"Chronische Unterdotierung" im Volkstheater: Suche nach Leitung gestoppt

Clemens Fabry

Eine Neuausrichtung des Hauses sei nur mit mehr Geld möglich, teilte die Jury mit, die mit der Suche nach einer neuen Leitung betraut ist. Die Kulturstadträtin legt den Bewerbungsprozess vorerst auf Eis.

Überraschende Wende bei der Suche nach der neuen künstlerischen Leitung für das Wiener Volkstheater: Die Findungskommission hat einstimmig beschlossen, keine Kandidaten für die Nachfolge von Direktorin Anna Badora vorzuschlagen. Denn eine Neuausrichtung des Hauses sei nur mit mehr Geld möglich, heißt es in einem Protokoll.

Dieses war nach einem Hearing mit neun Interessenten erstellt worden. Die Geladenen waren aus einer Zahl von insgesamt 72 Bewerbungen ausgewählt worden. Sie durften sich laut dem Protokoll präsentieren und mussten eine Reihe von Fragen beantworten - auch zur Finanzierbarkeit ihrer Vorstellungen.

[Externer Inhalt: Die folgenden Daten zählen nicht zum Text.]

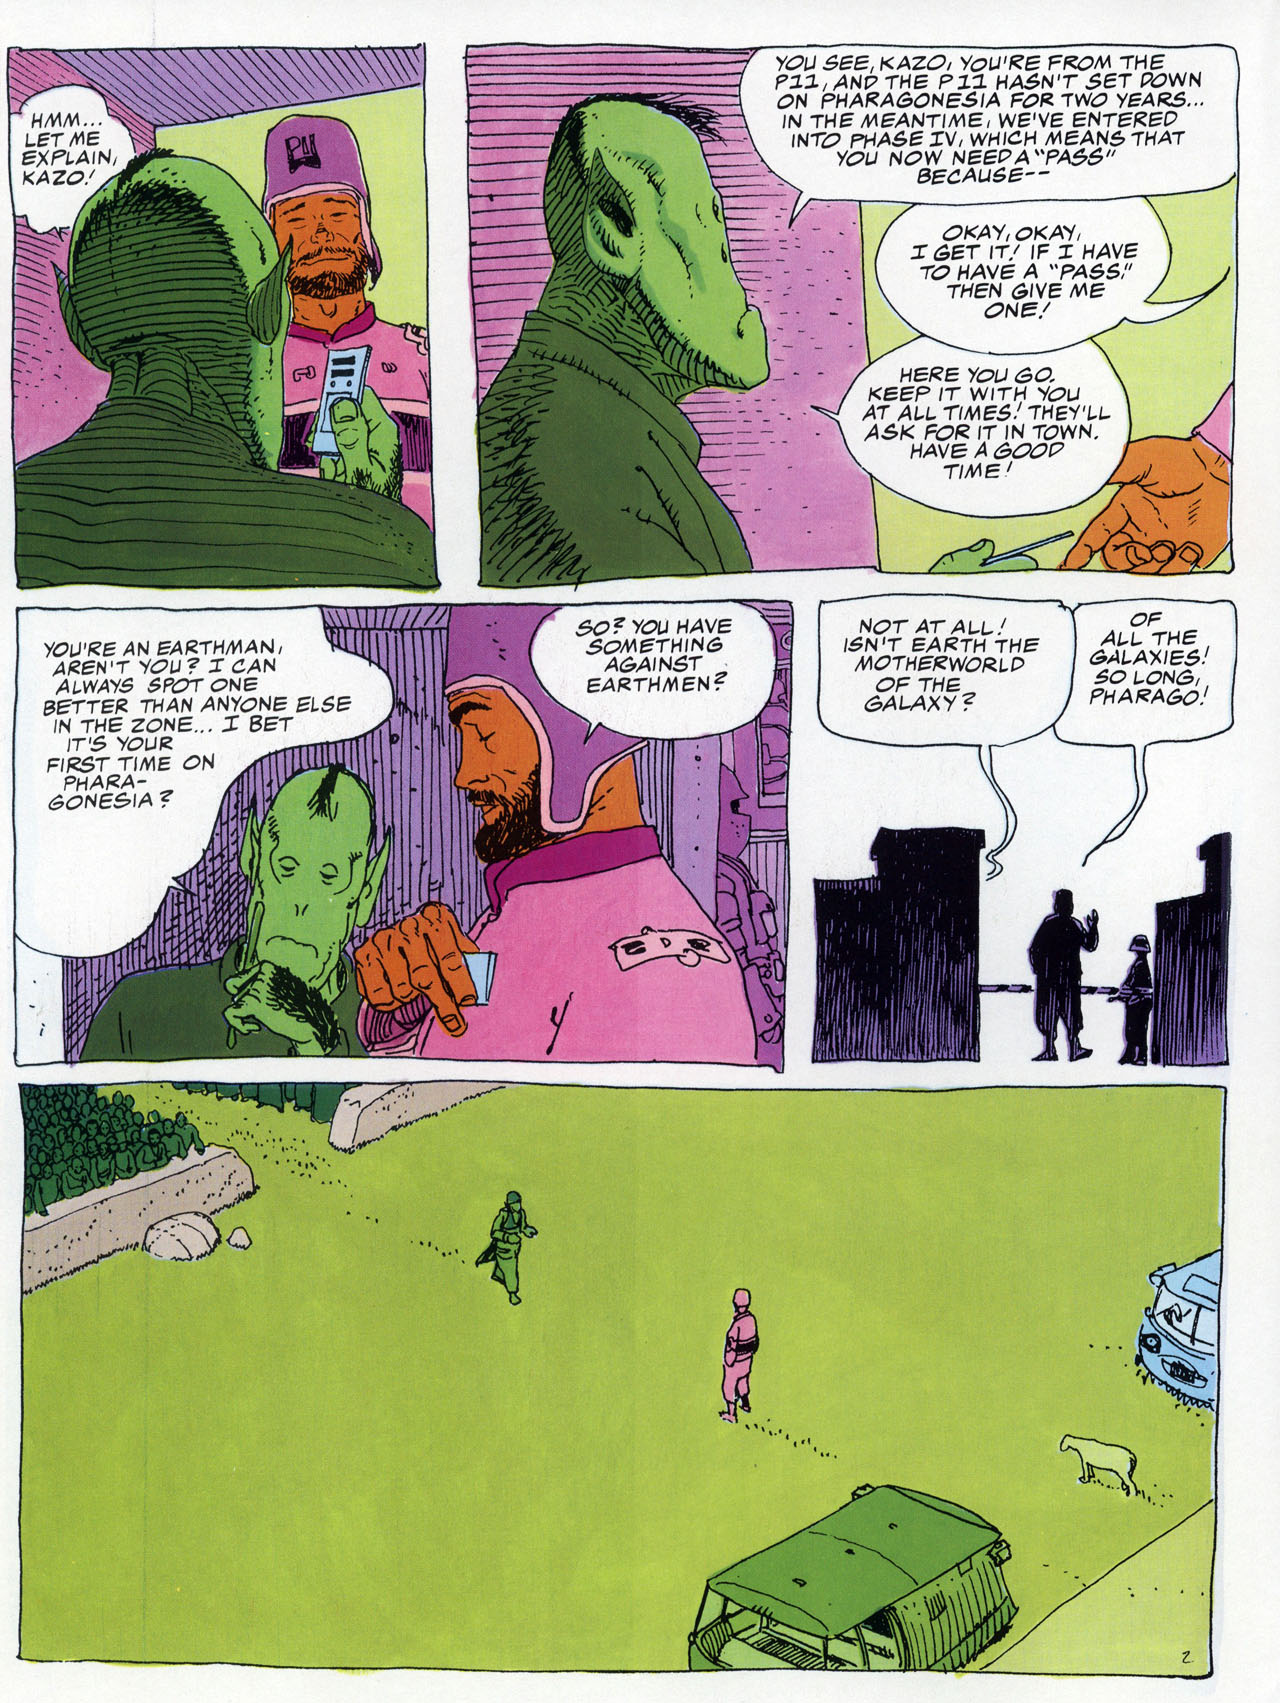 Read online Epic Graphic Novel: Moebius comic -  Issue # TPB 6 - 7
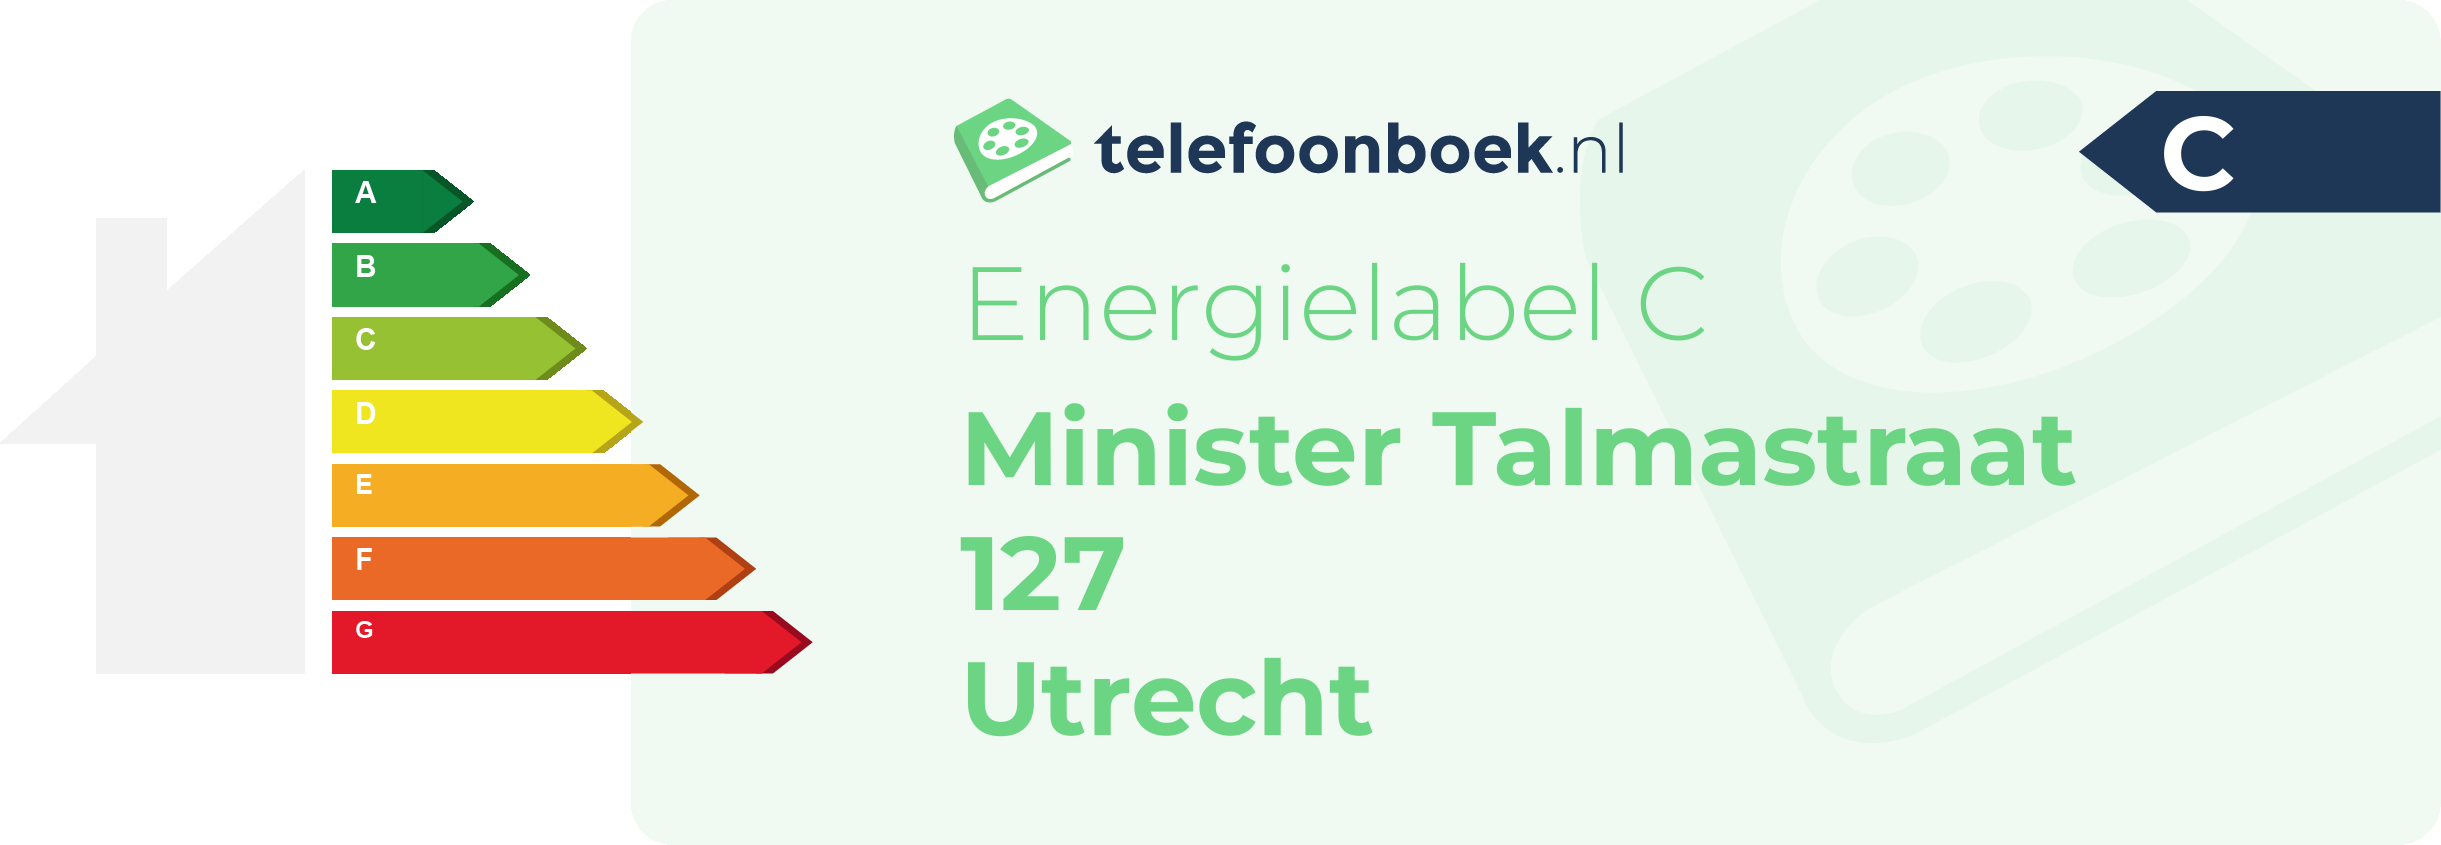 Energielabel Minister Talmastraat 127 Utrecht

Daraufhin gab Kulturstadträtin Veronica Kaup-Hasler bekannt, den Bewerbungsprozess zu stoppen. Das teilte die Ressortleiterin in einer Stellungnahme mit. Die einstimmige Empfehlung der Jury sei überraschend gekommen, hielt Kaup-Hasler fest. Allerdings habe sie eine "lang gehegte eigene Überlegung" fachlich bestätigt. Wiens Kulturstadträtin will laut eigenen Angaben nun persönlich jene Grundvoraussetzungen schaffen, die es der Jury ermöglichen, "ihre Arbeit fortzusetzen und eine geeignete Leitung für das Volkstheater zu finden".

"Ich werde mit dem Bund, aber auch mit den Vertretern der Volkstheater-Privatstiftung intensive Gespräche führen", kündigte
sie an. Sie habe Kulturminister Gernot Blümel (ÖVP) von der Dringlichkeit einer Lösung schriftlich unterrichtet - nachdem es zu dem Thema bereits ein Vier-Augen-Gespräch gegeben habe, wie die Stadträtin berichtete. Wie lange der Bewerbungsprozess außer Kraft gesetzt ist, ist offen. "Meinerseits ist auf jeden Fall rasches Handeln erforderlich", betonte Kaup-Hasler.

"Substanzielle Anhebung der finanziellen Ausstattung"

In dem Protokoll der Jury hieß es, es seien in dem Hearing durchaus "schlüssige und überzeugende Konzepte" vorgelegt worden, wie festgehalten wurde. Allerdings sei eine Neuausrichtung des Hauses nur mit einer "substanziellen Anhebung der finanziellen Ausstattung möglich". Wörtlich heißt es: "Eine Prolongierung der derzeitigen Mangelwirtschaft bedeutet letztlich das Inkaufnehmen eines Qualitätsverlustes." Diesen wolle keiner der Kandidatinnen bzw. Kandidaten verantworten, wurde versichert.

"Die Kommission empfiehlt daher, die chronische Unterdotierung zu korrigieren", heißt es weiter. Die Größenordnung liege nach "übereinstimmender Auffassung" der Experten bei drei Millionen Euro pro Jahr - samt Valorisierung der Zuschüsse in den Folgejahren. Die Aufforderung ging dem Vernehmen nach sowohl an die Stadt als auch an den Bund.

Durch die Blume wird auch angedeutet, dass der Interessenten-Kreis nicht ganz den Vorstellungen entsprochen hat. Denn abschließend wird angemerkt: Nur mit einer zusätzlichen Dotierung seien sowohl weiterführende Gespräche mit Kandidaten, die am Hearing teilnahmen, als auch die "Erweiterung des Kreises" der Bewerber um "jene Personen, die auf der Grundlage der jetzigen finanziellen Situation von einer Bewerbung bedauerlicherweise Abstand genommen haben", möglich.

Entschieden wird die Nachfolge Badoras von einer Jury unter der Leitung der Vorsitzenden des Vorstandes der Volkstheater Privatstiftung, Vienna-Insurance-Group-Vorständin Judit Havasi. Weitere stimmberechtigte Jurymitglieder sind Burgtheater-Direktorin Karin Bergmann, der kaufmännische Direktor der Salzburger Festspiele, Lukas Crepaz, der Theaterreferent der Stadt Wien, Arne Forke sowie die designierte Intendantin der Münchner Kammerspiele, Barbara Mundel.